Definition

Few-shot learning is the ability of a model to generalize to new tasks given only a few examples — provided either in the prompt (in-context learning) or as a tiny fine-tuning dataset. In-context learning (ICL) is a unique property of large language models: they can perform new tasks described entirely within the input prompt, without updating their weights.

Zero, one, and few-shot defined

In-context learning (ICL) means performing tasks described entirely within the prompt, without updating any model weights. The number of examples provided defines the "shot" count.

Zero, one, and few-shot prompting in practice — the same task across all three levels

from openai import OpenAI
client = OpenAI()

def ask(prompt: str) -> str:
    return client.chat.completions.create(
        model="gpt-4o-mini",
        messages=[{"role": "user", "content": prompt}],
        temperature=0,
    ).choices[0].message.content.strip()

task_description = "Convert English to formal French."
test_input = "Hey, can you send me the report by Friday?"
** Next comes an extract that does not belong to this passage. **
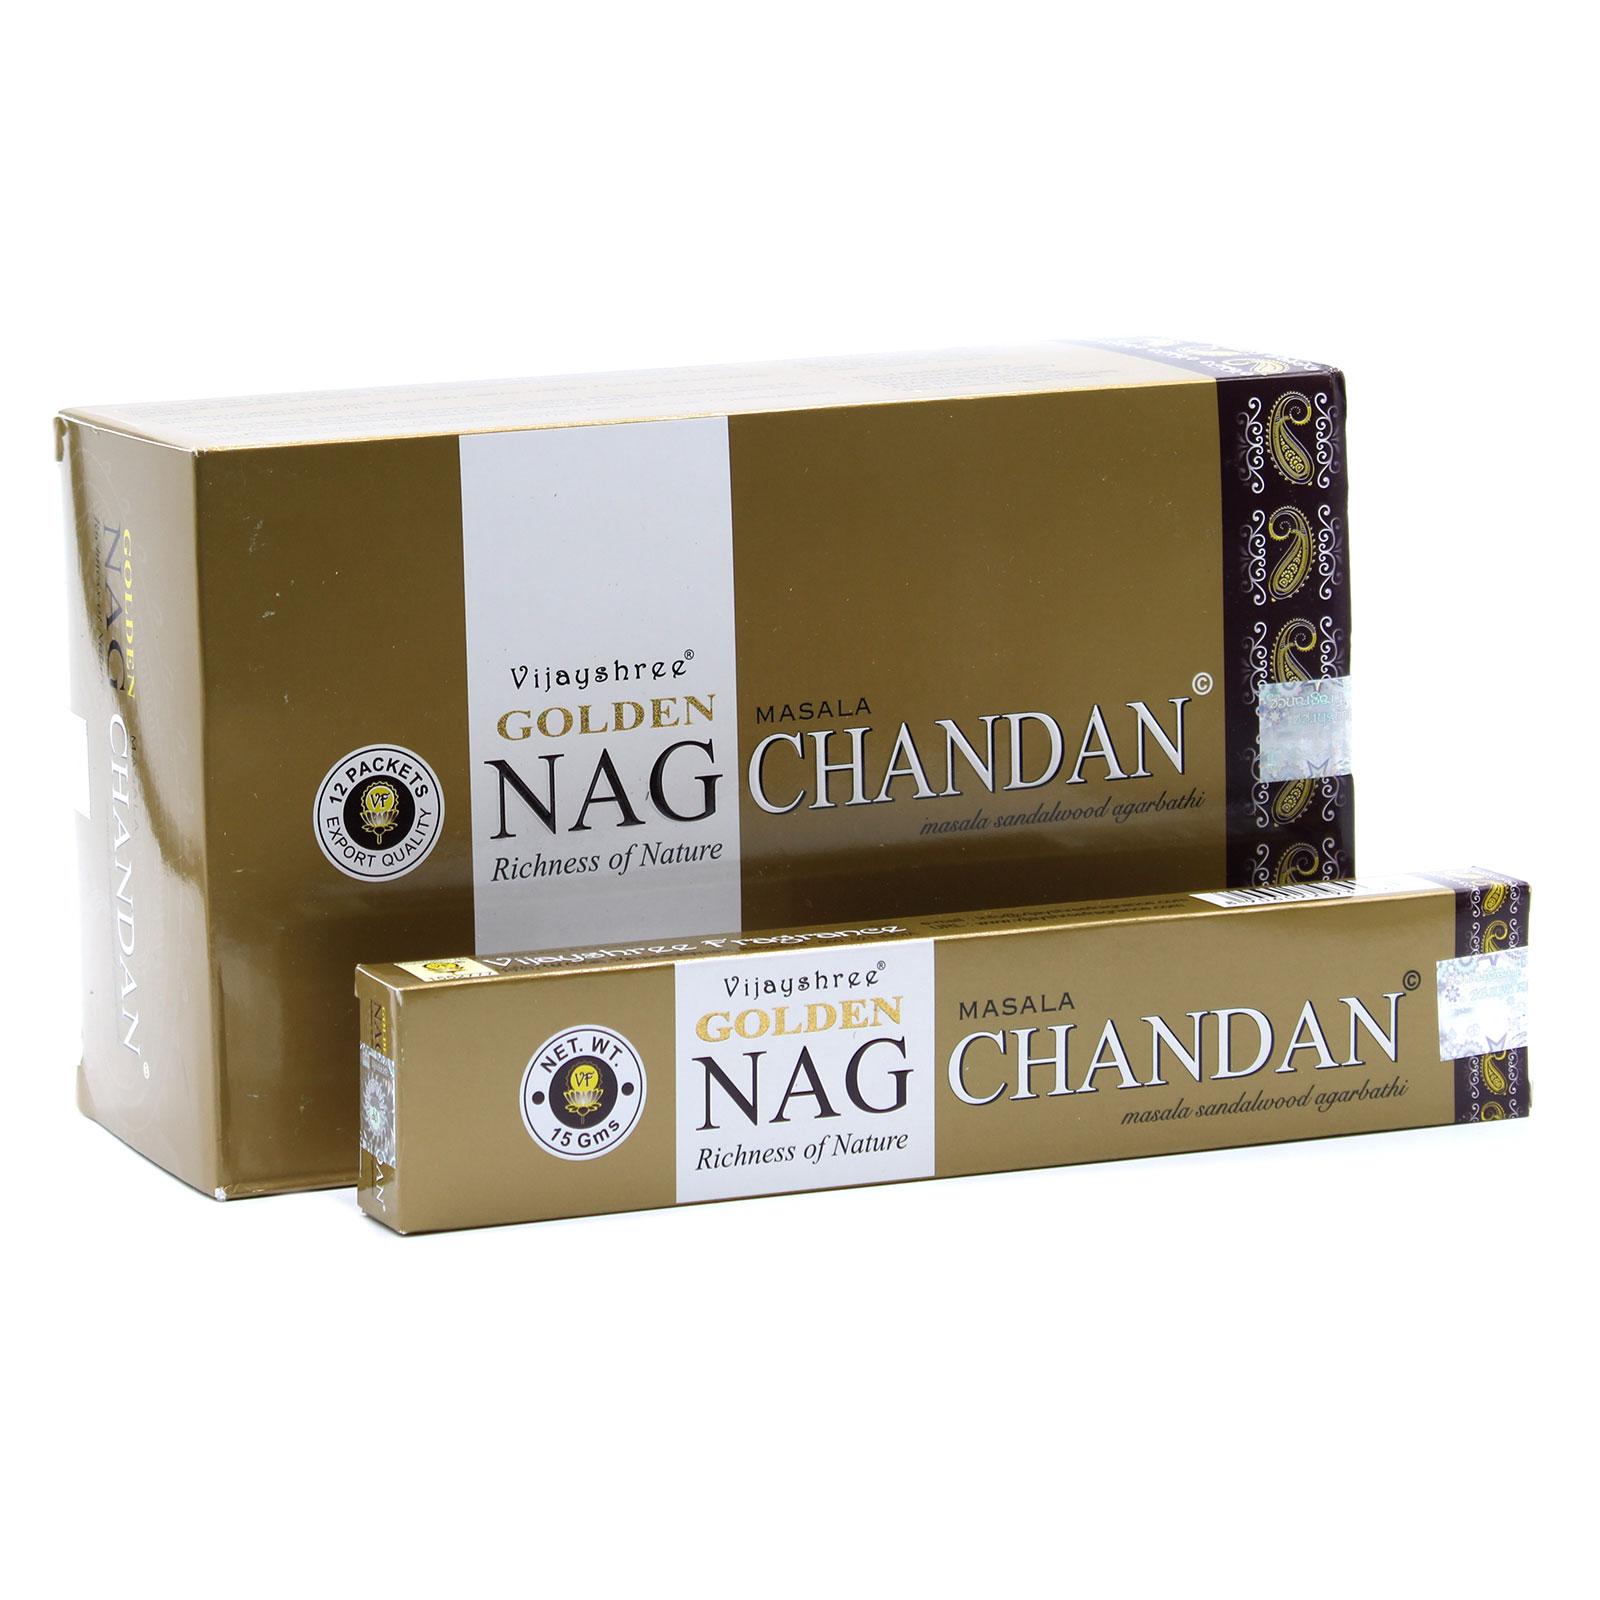 15g Golden Nag Chandan Incense

# ─── Zero-shot: description only, no examples ─────────────────────────────
zero_shot = ask(f"{task_description}\n\n{test_input}")
# Works reasonably for high-resource language pairs; may be casual

# ─── One-shot: one example to establish register and format ───────────────
one_shot = ask(f"""{task_description}

English: Could you please review the attached document?
French: Pourriez-vous examiner le document ci-joint, s'il vous plaît ?

English: {test_input}
French:""")
# Model now knows: formal register, question mark placement, "vous" not "tu"

# ─── Few-shot: 3–5 examples lock in pattern, style, and edge cases ─────────
few_shot = ask(f"""{task_description}

English: The meeting has been rescheduled to 3 PM.
French: La réunion a été reportée à 15h00.

English: Please find the invoice attached to this email.
French: Veuillez trouver la facture en pièce jointe de ce courriel.

English: Could you please review the attached document?
French: Pourriez-vous examiner le document ci-joint, s'il vous plaît ?

English: {test_input}
French:""")
# Best result: consistent formal business register, idiomatically correct

print("Zero-shot:", zero_shot)
print("One-shot: ", one_shot)
print("Few-shot: ", few_shot)

GPT-3's breakthrough moment

When GPT-3 launched in 2020, its few-shot performance on tasks it had never been fine-tuned on — translation, arithmetic, question answering — was the defining surprise. A 175B model shown 3 examples of a new task often matched fine-tuned smaller models. This changed how practitioners thought about building NLP systems.

Why in-context learning works

ICL is still not fully understood theoretically. But experiments have revealed surprising facts about what examples actually do — and what they don't do.

Scale is everything: ICL barely works below 1B parameters and dramatically improves with scale. This is an emergent capability — there's no gradual linear improvement, just a threshold effect at roughly 10–100B parameters.
Wrong labels still help: Surprisingly, providing few-shot examples with incorrect labels (saying "Positive" for a negative review) still improves performance on format-heavy tasks. The model appears to learn output format and structure from examples, not necessarily the semantic label mapping itself (Min et al., 2022).
Recency bias: Models tend to be influenced more by the last few examples than earlier ones. Example order matters — put your clearest, most representative examples last.
Example quality >> quantity: 3 high-quality, diverse examples consistently outperform 10 mediocre ones. Duplicates, noisy labels, and redundant examples actively hurt ICL performance.
Distribution matters: Examples drawn from the same distribution as your actual inputs significantly outperform generic examples. Retrieval-augmented ICL (fetching examples similar to the current query) routinely outperforms random example selection.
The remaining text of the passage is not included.